Monday,22 April, 2019
Current issue | Issue 1416, (1 - 7 November 2018)
Monday,22 April, 2019
Issue 1416, (1 - 7 November 2018)

Ahram Weekly

Negative words or positive deeds?

Al-Sisi’s visit to Germany

President Abdel-Fattah Al-Sisi’s visit to Germany, the launching of the UAE satellite and education were some of the issues which occupied the press this week.

The editorial of the official daily Al-Ahram noted that the president’s foreign visits aim to open new horizons for the Egyptian economy and attract foreign investment.

In that context, the edit said, came this week’s visit to Germany. The visit acquires great importance given the special nature of the Egyptian-German relationship as well as the strong German economy that puts it in fourth position worldwide.

Besides, the edit added, there are very promising opportunities for investment in Egypt especially in the Suez Canal zone and the new administrative capital. 

“Egypt and Germany can cooperate in facing common dangers and challenges including terrorism and illegal immigration. Both states agree on the importance of reaching a political solution to the conflicts in the region especially in Syria and Libya as well as the importance of achieving comprehensive and sustained development on the African continent,” the edit said.

Emadeddin Adib hailed the launching of the UAE Earth observation satellite, the first designed and manufactured in the Emirati Centre for Clean Technology.

Adib viewed it as a prominent international and Arab achievement by all standards.

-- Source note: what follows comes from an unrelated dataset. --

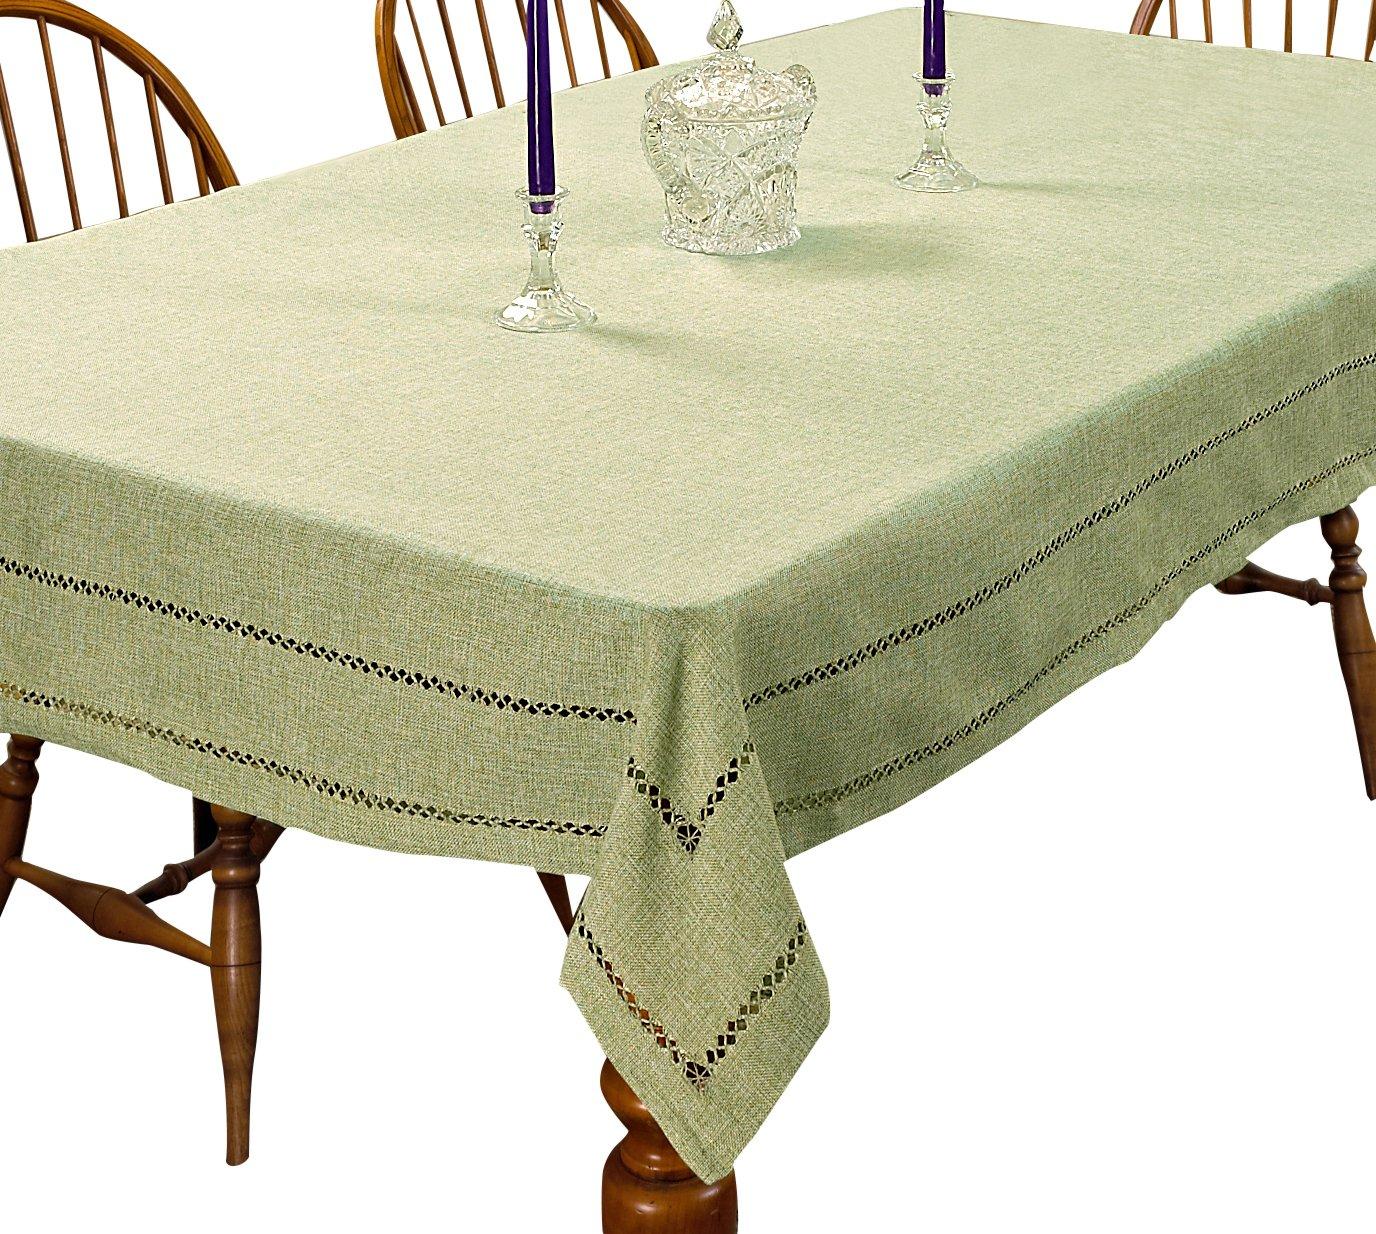 Violet Linen Hem Stitch Embroidered Vintage Design Oblong//Rectangle Tablecloth 60 X 84 Blue HEM STITCH BL-4

“Khalifa-Sat is the first satellite made by UAE hands that are specialised in taking pictures of Earth and monitoring environmental developments,” he wrote in the daily Al-Watan.

While he hailed the achievement, he criticised Iranian policies that aim at spreading sectarianism and ethnic beliefs.

Adib concluded his regular column by questioning which is better for people: negative words or positive deeds, spreading tolerance or dispersing aggression, brainwashing public opinion or improving education, building the great Louvre Museum in Abu Dhabi or a camp to train militias in Tehran?

Abbas Al-Tarabili wrote that most education experts agree that the size of classes is the core and crux of the education problem.

He asked how students can understand their lessons or how teachers can deliver in a big class.

“The size of classes has reached 120 students in some schools in Giza; the average size is 80. That size is primarily responsible for the deterioration in education.”

The student is not able to understand the teacher and the teacher is unable to teach,” Al-Tarabili wrote in the daily Al-Masry Al-Youm.

Given that, he added, the problem is primarily in a deficiency in the number of classes. Thus, the solution is in building thousands of more classes.

Perhaps the solution is to use pre-fabricated walls in building classes. This way would allow schools to build dozens of classes in a short time. But, Al-Tarabili wondered whether the state will increase the budget allocated for education to allow for building the needed classes.